Static string being created with wrong encode

5

Hello,

When creating a string in a Java class (for example: String t = "Ola Java!" ), it seems the compiler is choosing the 'wrong' encode to interpret the bytes that are in the source and generate the String (the 'right' encode should be UTF-8 , which is the encode I'm using in the sources).

To exemplify the error, I did the following test:

String t = "ã";
log.debug("t: " + t);
log.debug("t.length(): " + t.length());
log.debug("t.getBytes().length: " + t.getBytes().length);
log.debug("t.getBytes(utf-8).length: " + t.getBytes("utf-8").length);
log.debug("t.getBytes(UTF-8).length: " + t.getBytes("UTF-8").length);
log.debug("t.getBytes(ISO-8859-1).length: " + t.getBytes("ISO-8859-1").length);

(The logging engine I use is commons-logging with log4j support, but to do the same using System.out )
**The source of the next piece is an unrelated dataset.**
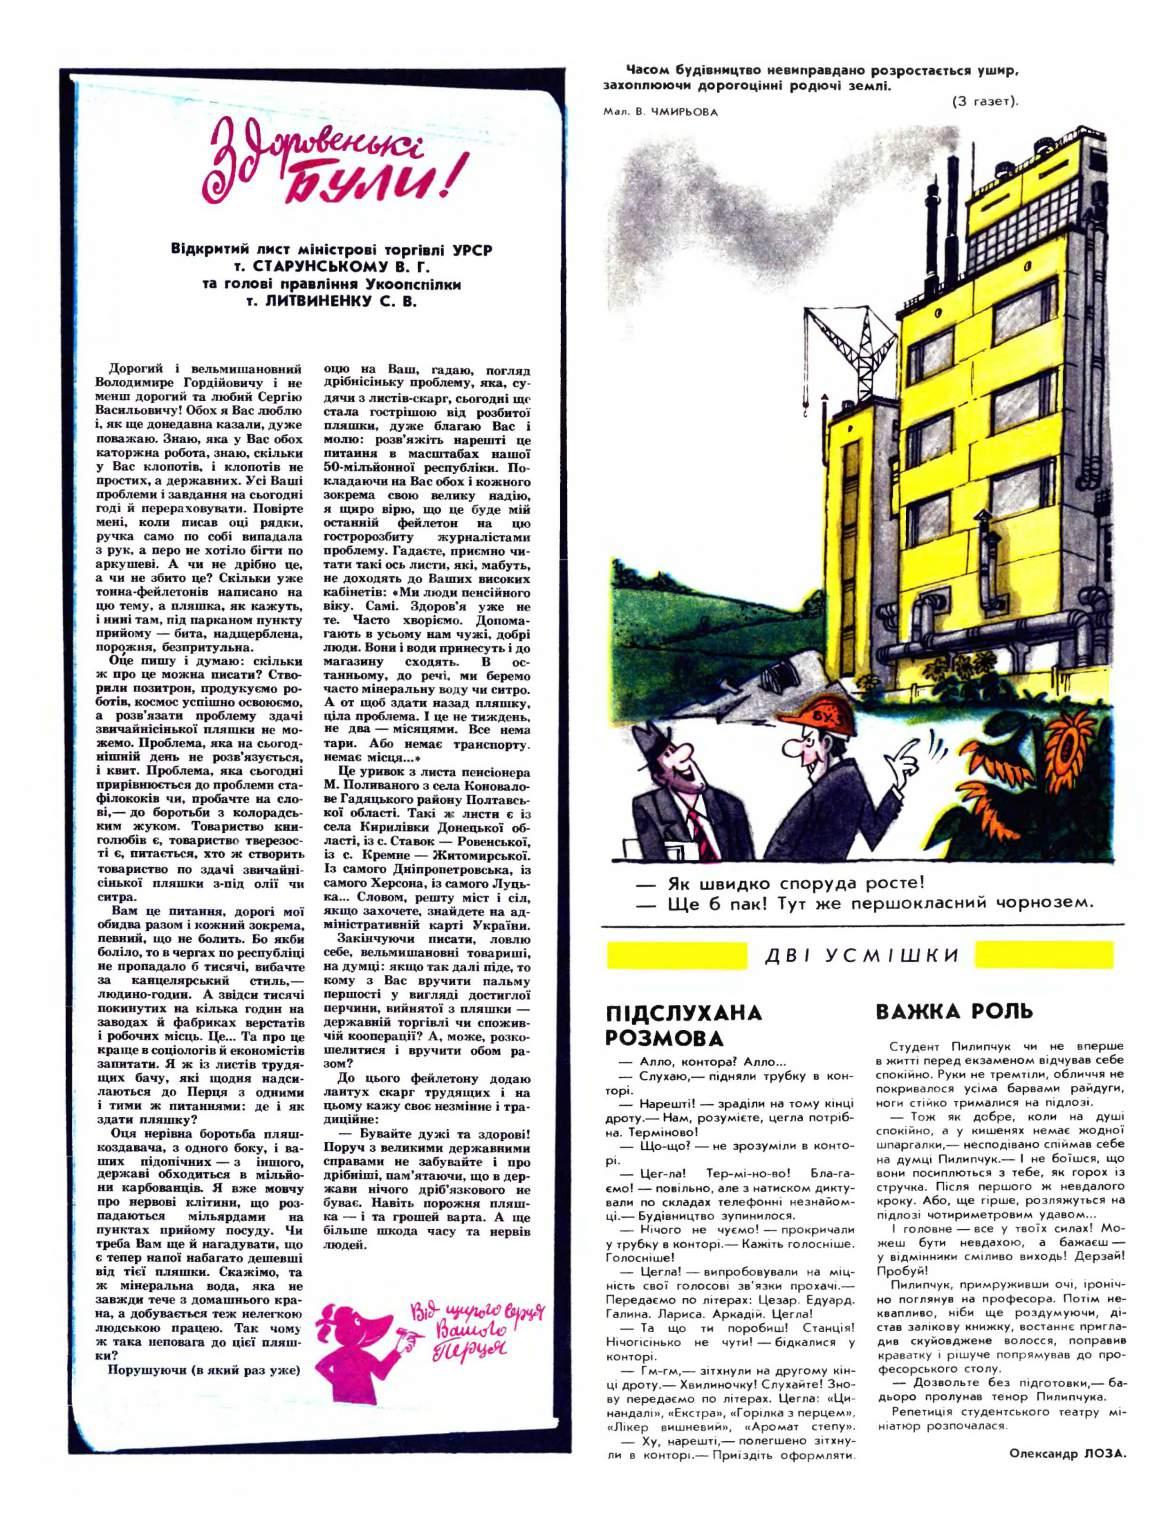 Журнал перець 1986 №12

The result was as follows:

t: ã
t.length(): 2
t.getBytes().length: 4
t.getBytes(utf-8).length: 4
t.getBytes(UTF-8).length: 4
t.getBytes(ISO-8859-1).length: 2

The first line could be explained by some conversion problem when converting the string at the time of writing the log file. But the other lines make the problem clear. Now in the second line ( t.length() ) to see that the String was created with two characters, not one, already showing that in the creation of the string the two bytes that represent the character ã in utf-8 were treated as two characters ( in some other format type ISO-8859-1).
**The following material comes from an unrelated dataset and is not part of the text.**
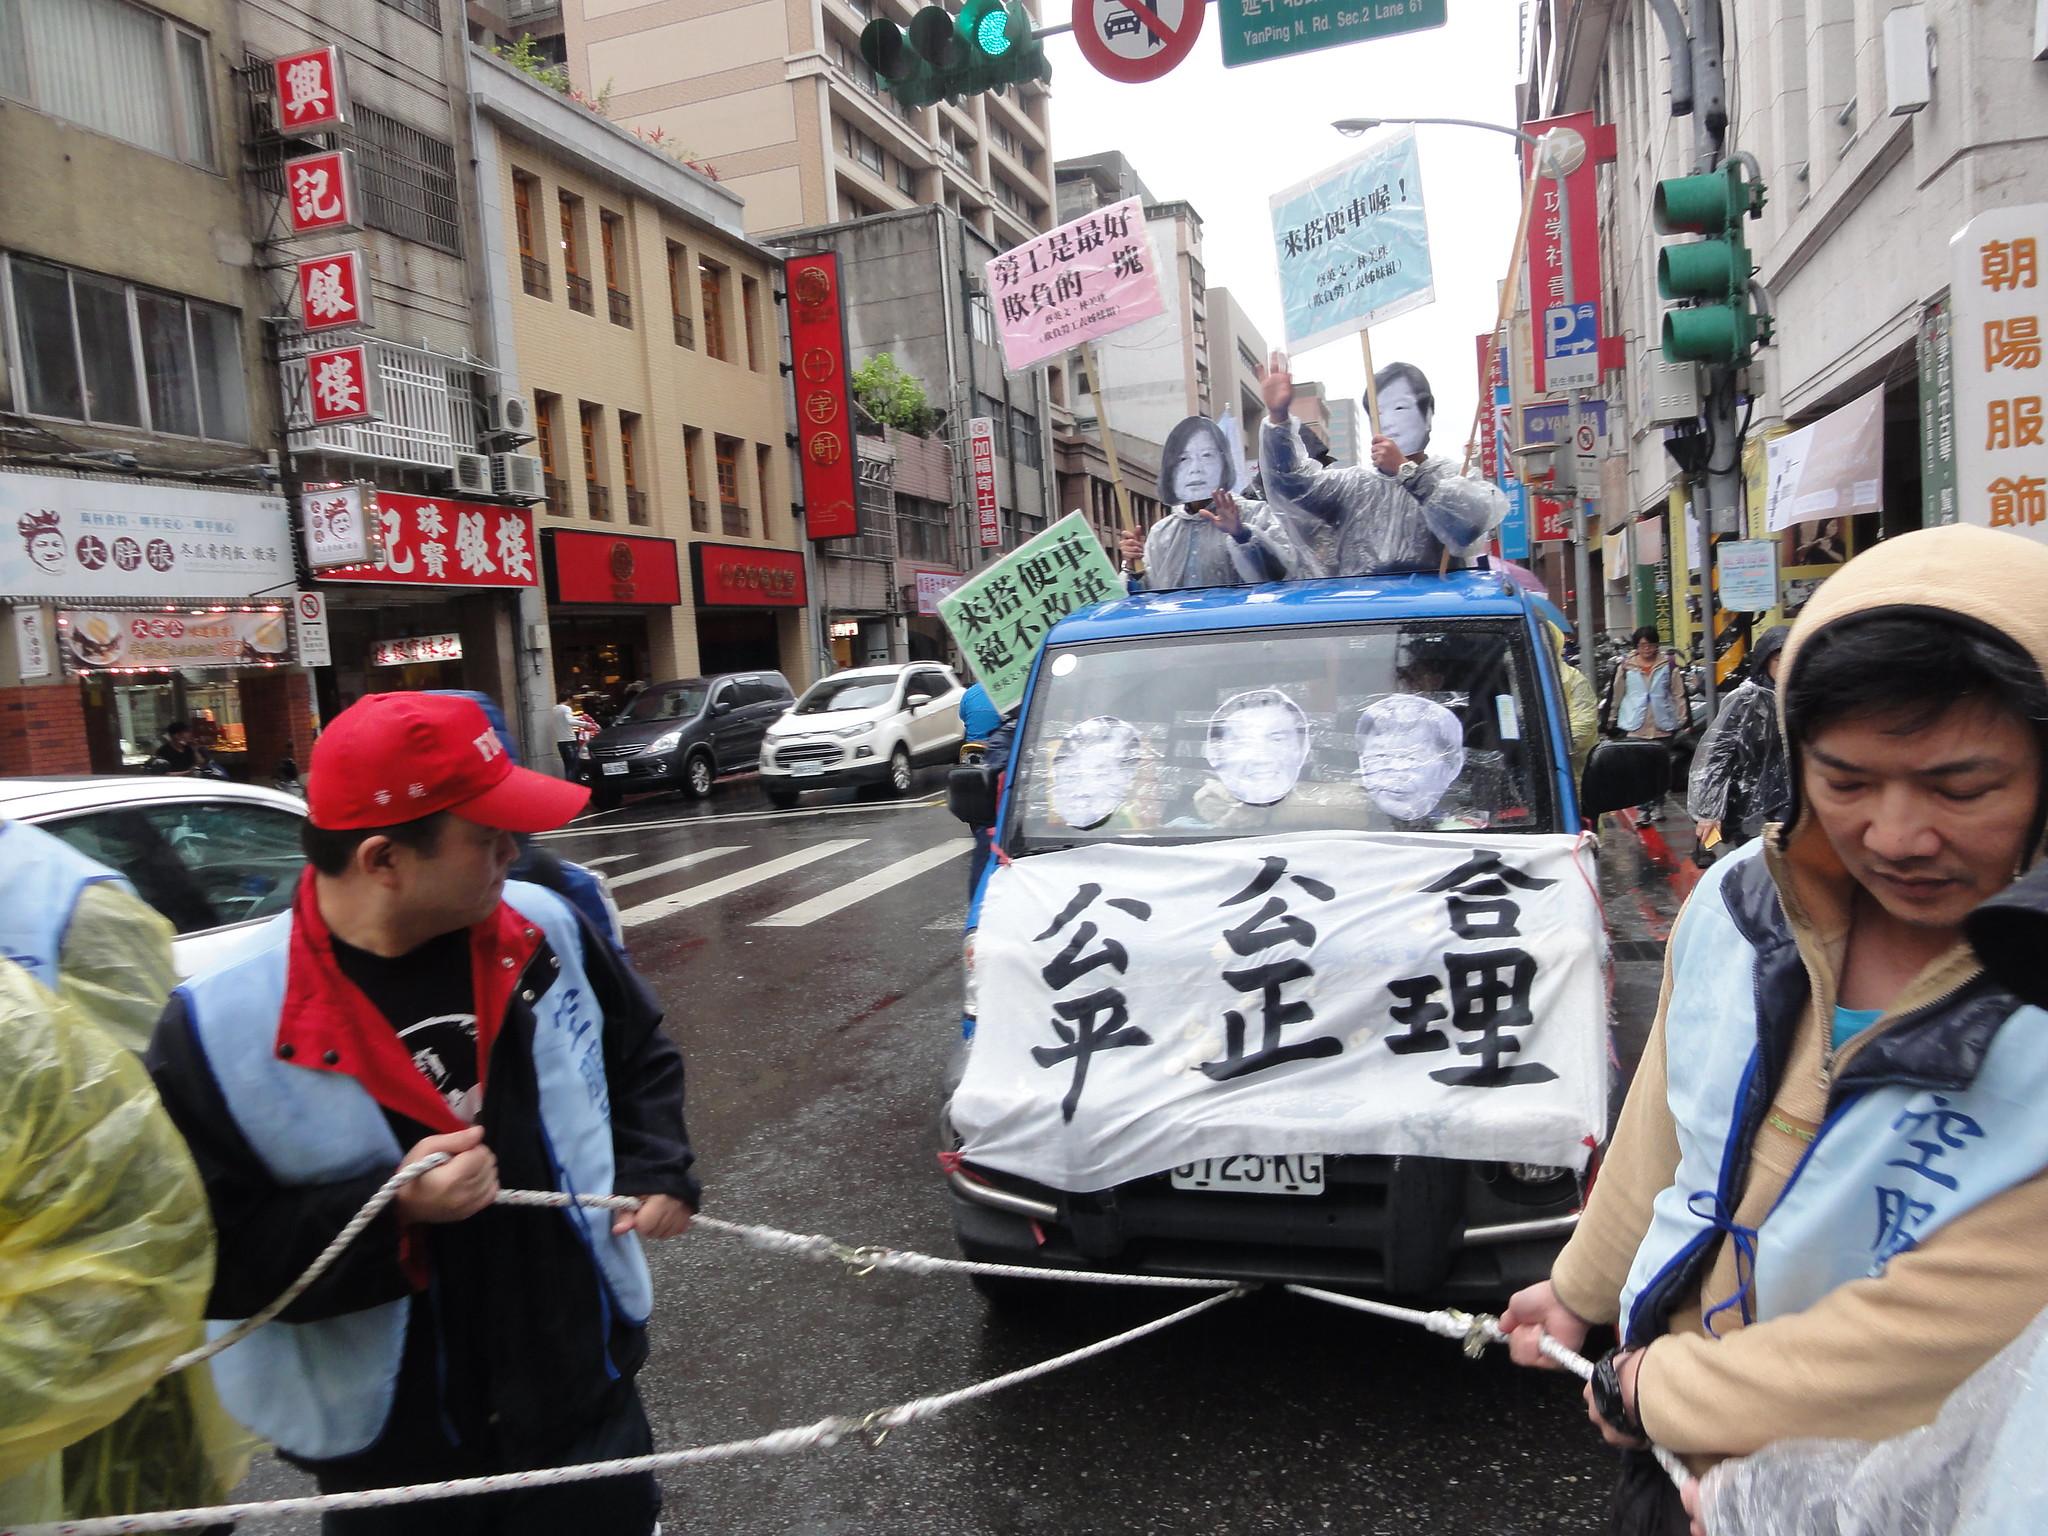 勞工拉著「蔡英文」和「林美珠」前進,車上的兩人在宣揚「搭便車」。(攝影:張智琦)

I'm looking for some way to force the encode in the interpretation of a static string by the compiler, but I do not think it's a good way ... is there any way to do this? Or to tell the compiler which encode should be used when interpreting the static strings in the sources ?

    
asked by anonymous 30.03.2014 / 19:10

2 answers

3

From the javac documentation:

  

-encoding encoding

     

Set the source file encoding name, such as EUC-JP and UTF-8. If    -encoding is not specified, the platform default converter is used.

That is, if it is not explicitly specified, the compiler will use the system default. If you think about it, that makes some sense: this is the charset that publishers use by default, and is the charset that Java applications use by default - and javac is a Java application.

Of course, specifying -enconding on the command line resolves. If you are using some build system (ant, maven, gradle, etc.), specify this option to ensure that the files will be treated the same on any platform.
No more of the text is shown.